By analyzing existing cross correlation between Real Return Asset and Pimco Small Cap, you can compare the effects of market volatilities on Real Return and Pimco Small and check how they will diversify away market risk if combined in the same portfolio for a given time horizon. You can also utilize pair trading strategies of matching a long position in Real Return with a short position of Pimco Small. Check out your portfolio center. Please also check ongoing floating volatility patterns of Real Return and Pimco Small.

Diversification Opportunities for Real Return and Pimco Small

-0.55
  Correlation Coefficient

Excellent diversification

The 3 months correlation between Real and Pimco is -0.55. Overlapping area represents the amount of risk that can be diversified away by holding Real Return Asset and Pimco Small Cap in the same portfolio, assuming nothing else is changed. The correlation between historical prices or returns on Pimco Small Cap and Real Return is a relative statistical measure of the degree to which these equity instruments tend to move together. The correlation coefficient measures the extent to which returns on Real Return Asset are associated (or correlated) with Pimco Small. Values of the correlation coefficient range from -1 to +1, where. The correlation of zero (0) is possible when the price movement of Pimco Small Cap has no effect on the direction of Real Return i.e., Real Return and Pimco Small go up and down completely randomly.

Pair Corralation between Real Return and Pimco Small

Assuming the 90 days horizon Real Return is expected to generate 7.85 times less return on investment than Pimco Small. But when comparing it to its historical volatility, Real Return Asset is 1.27 times less risky than Pimco Small. It trades about 0.02 of its potential returns per unit of risk. Pimco Small Cap is currently generating about 0.12 of returns per unit of risk over similar time horizon. If you would invest  820.00  in Pimco Small Cap on September 16, 2024 and sell it today you would earn a total of  19.00  from holding Pimco Small Cap or generate 2.32% return on investment over 90 days.
Time Period3 Months [change]
DirectionMoves Against 
StrengthVery Weak
Accuracy100.0%
ValuesDaily Returns

Real Return Asset  vs.  Pimco Small Cap

 Performance 
       Timeline  
Real Return Asset 

Risk-Adjusted Performance

0 of 100

 
Weak
 
Strong
Very Weak
Over the last 90 days Real Return Asset has generated negative risk-adjusted returns adding no value to fund investors. In spite of latest weak performance, the Fund's forward indicators remain strong and the current disturbance on Wall Street may also be a sign of long term gains for the fund investors.
Pimco Small Cap 

Risk-Adjusted Performance

7 of 100

 
Weak
 
Strong
OK
Compared to the overall equity markets, risk-adjusted returns on investments in Pimco Small Cap are ranked lower than 7 (%) of all funds and portfolios of funds over the last 90 days. In spite of fairly weak basic indicators, Pimco Small may actually be approaching a critical reversion point that can send shares even higher in January 2025.

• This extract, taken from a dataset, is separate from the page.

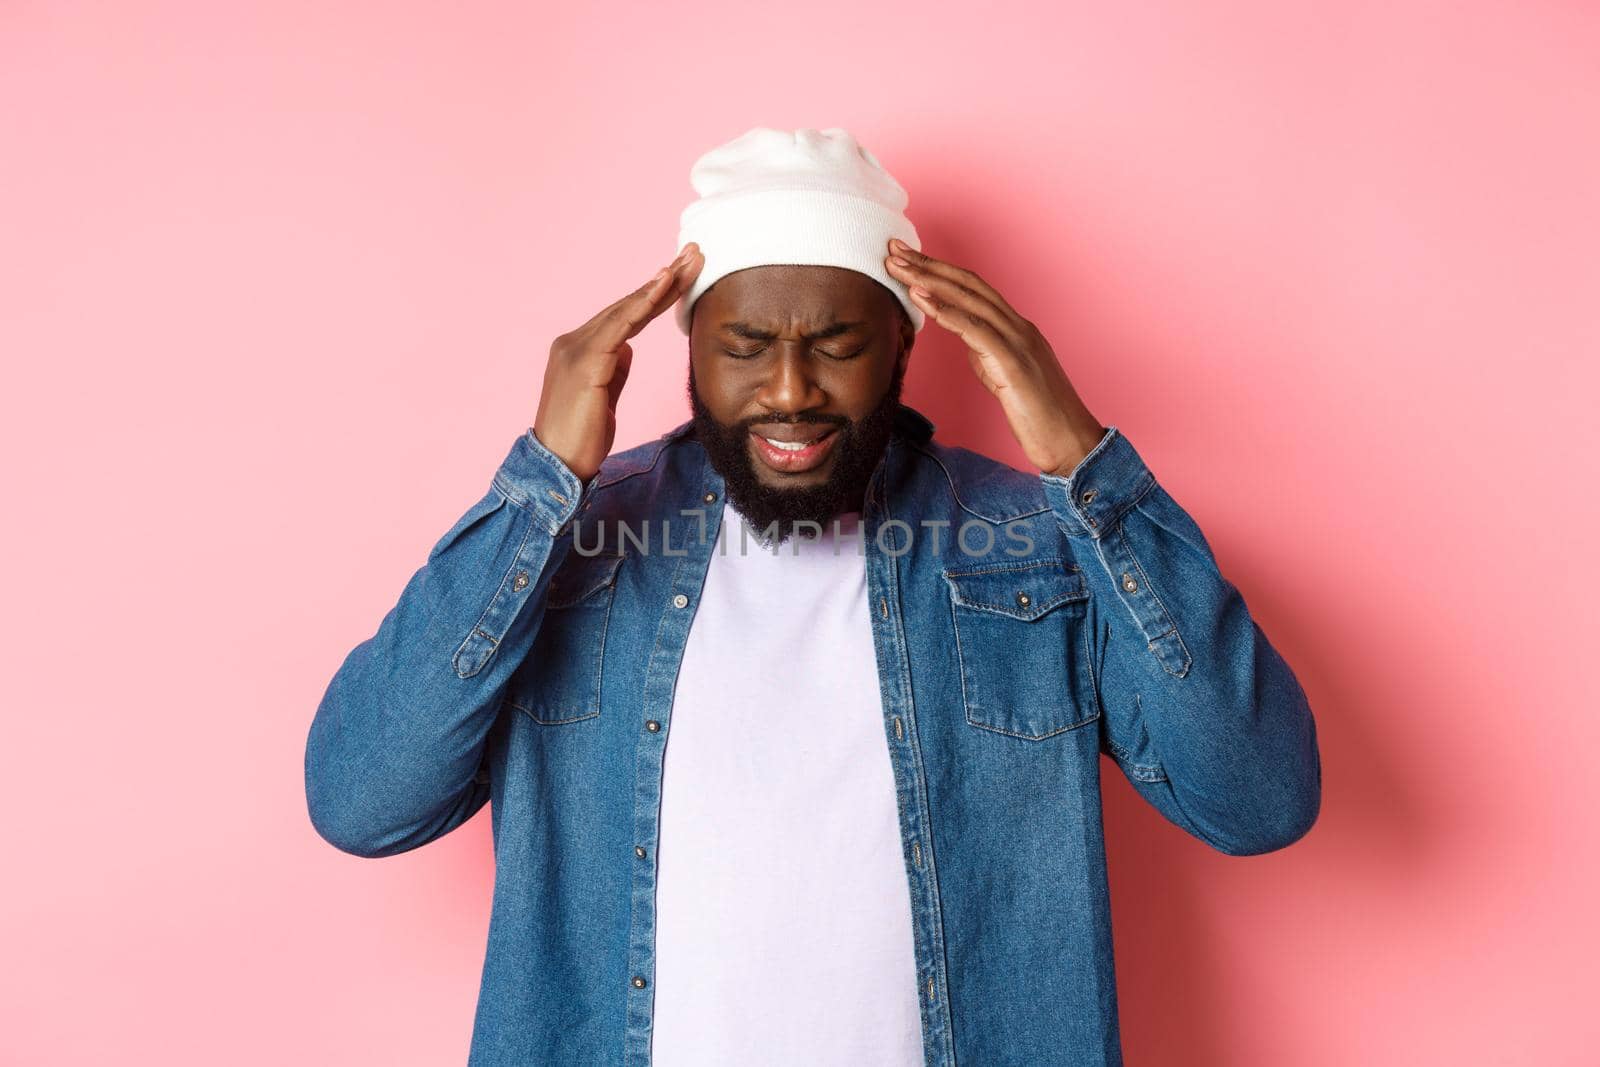 Distressed Black man having headache, touching head and grimacing with concerned face, standing over pink background.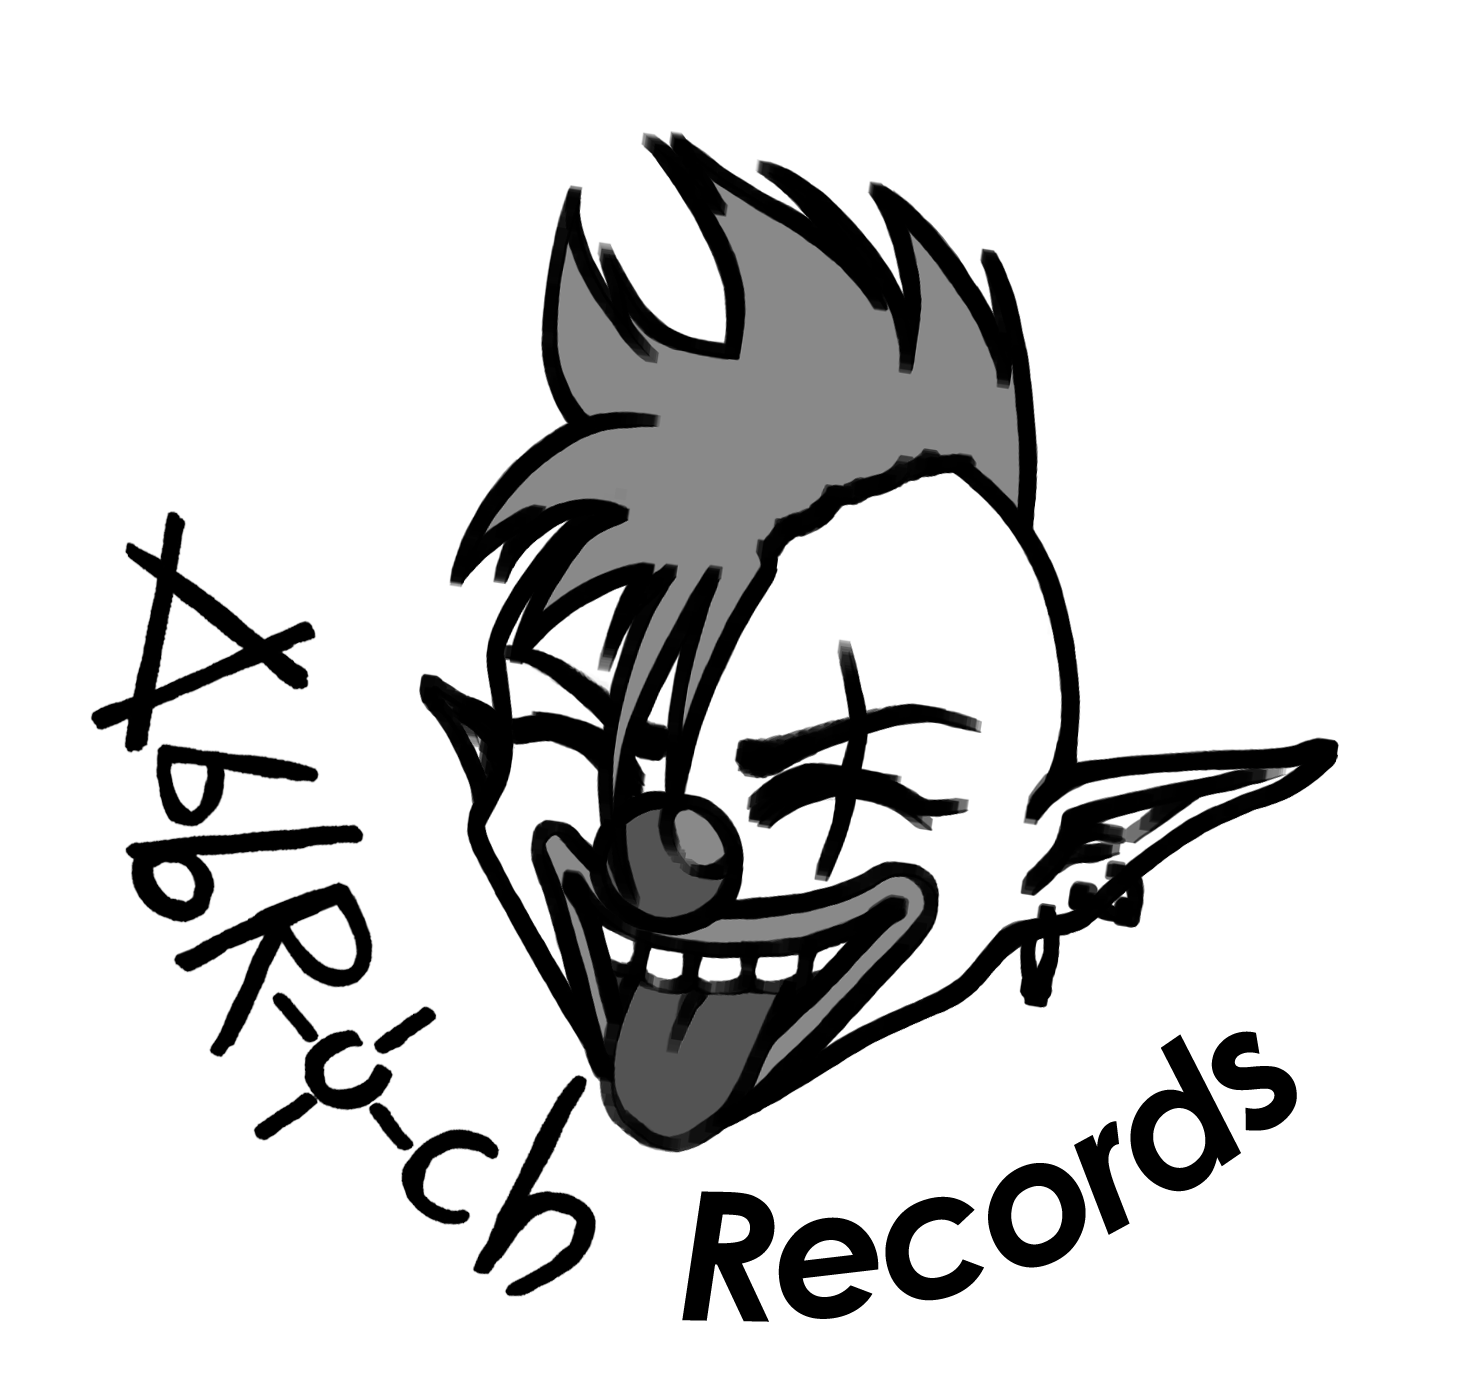 Abbruch Records releases

Real Return and Pimco Small Volatility Contrast

   Predicted Return Density   
       Returns  

Pair Trading with Real Return and Pimco Small

The main advantage of trading using opposite Real Return and Pimco Small positions is that it hedges away some unsystematic risk. Because of two separate transactions, even if Real Return position performs unexpectedly, Pimco Small can make up some of the losses. Pair trading also minimizes risk from directional movements in the market. For example, if an entire industry or sector drops because of unexpected headlines, the short position in Pimco Small will offset losses from the drop in Pimco Small's long position.
The idea behind Real Return Asset and Pimco Small Cap pairs trading is to make the combined position market-neutral, meaning the overall market's direction will not affect its win or loss (or potential downside or upside). This can be achieved by designing a pairs trade with two highly correlated stocks or equities that operate in a similar space or sector, making it possible to obtain profits through simple and relatively low-risk investment.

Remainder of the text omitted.